Umemoto Hirohito, Inami Mayuko, Yatsunami Rie, Fukui Toshiaki, Kumasaka Takashi, Tanaka Nobuo, Nakamura Satoshi
Department of Bioengineering, Graduate School of Bioscience and Biotechnology, Tokyo Institute of Technology, 4259 Nagatsuta, Midori-ku, Yokohama 226-8501, Japan.
Nucleic Acids Symp Ser (Oxf). 2007(51):461-2. doi: 10.1093/nass/nrm231.
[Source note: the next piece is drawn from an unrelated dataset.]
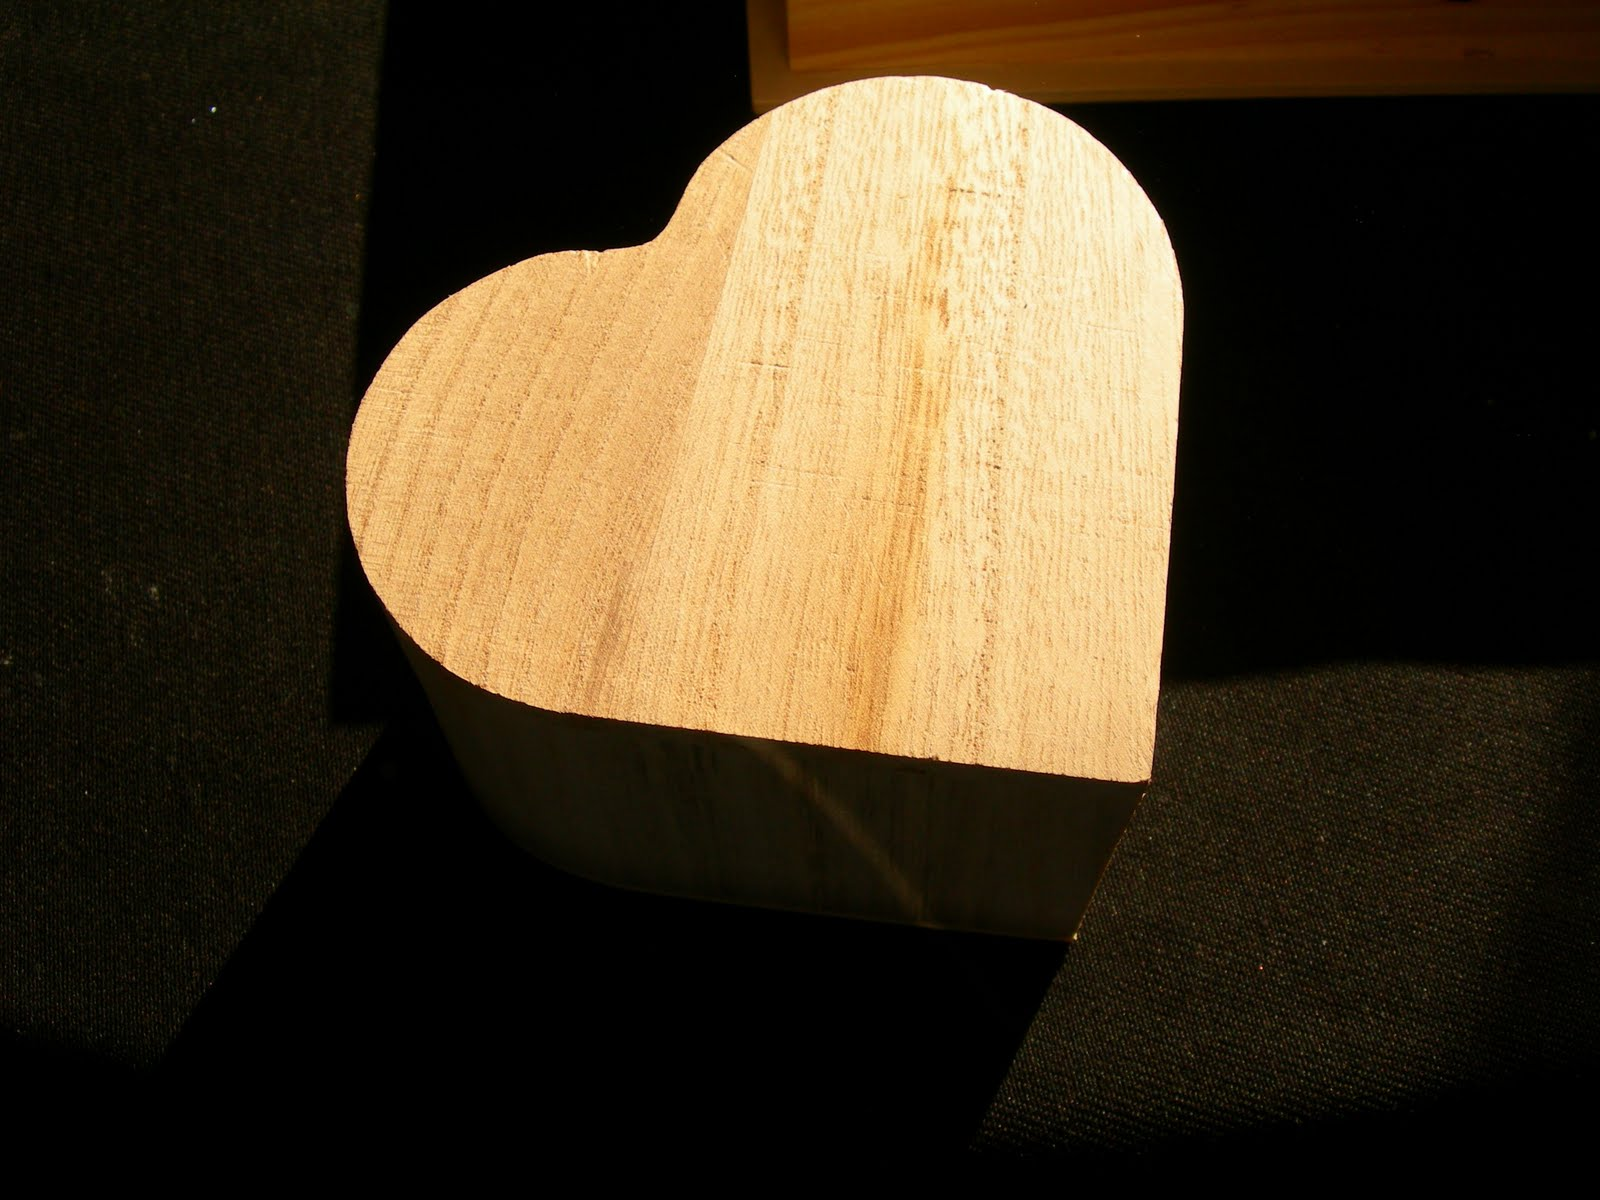 Pin Caixa De Madeira Para Lembrancinha Sapatinho De Luxo Festabox Hd  #673004 1600x1200

Xylanase J (XynJ) from alkaliphilic Bacillussp. strain 41M-1 is an alkaline xylanase. Structure comparison indicated that there were several specific salt bridges in the catalytic cleft of XynJ compared with neutral xylanases. Mutant enzymes were prepared by substituting several amino acids comprising the salt bridges. Some mutants exhibited acidophilic shift in optimum pH, whereas another showed alkaliphilic shift. These results suggested that the characteristic salt bridges could contribute to the alkaliphily of XynJ.
来自嗜碱芽孢杆菌菌株41M-1的木聚糖酶J(XynJ)是一种碱性木聚糖酶。结构比较表明,与中性木聚糖酶相比,XynJ的催化裂隙中存在几个特定的盐桥。通过替换构成盐桥的几个氨基酸制备了突变酶。一些突变体在最适pH值上表现出嗜酸位移,而另一些则表现出嗜碱位移。这些结果表明,这些特征性盐桥可能有助于XynJ的嗜碱性。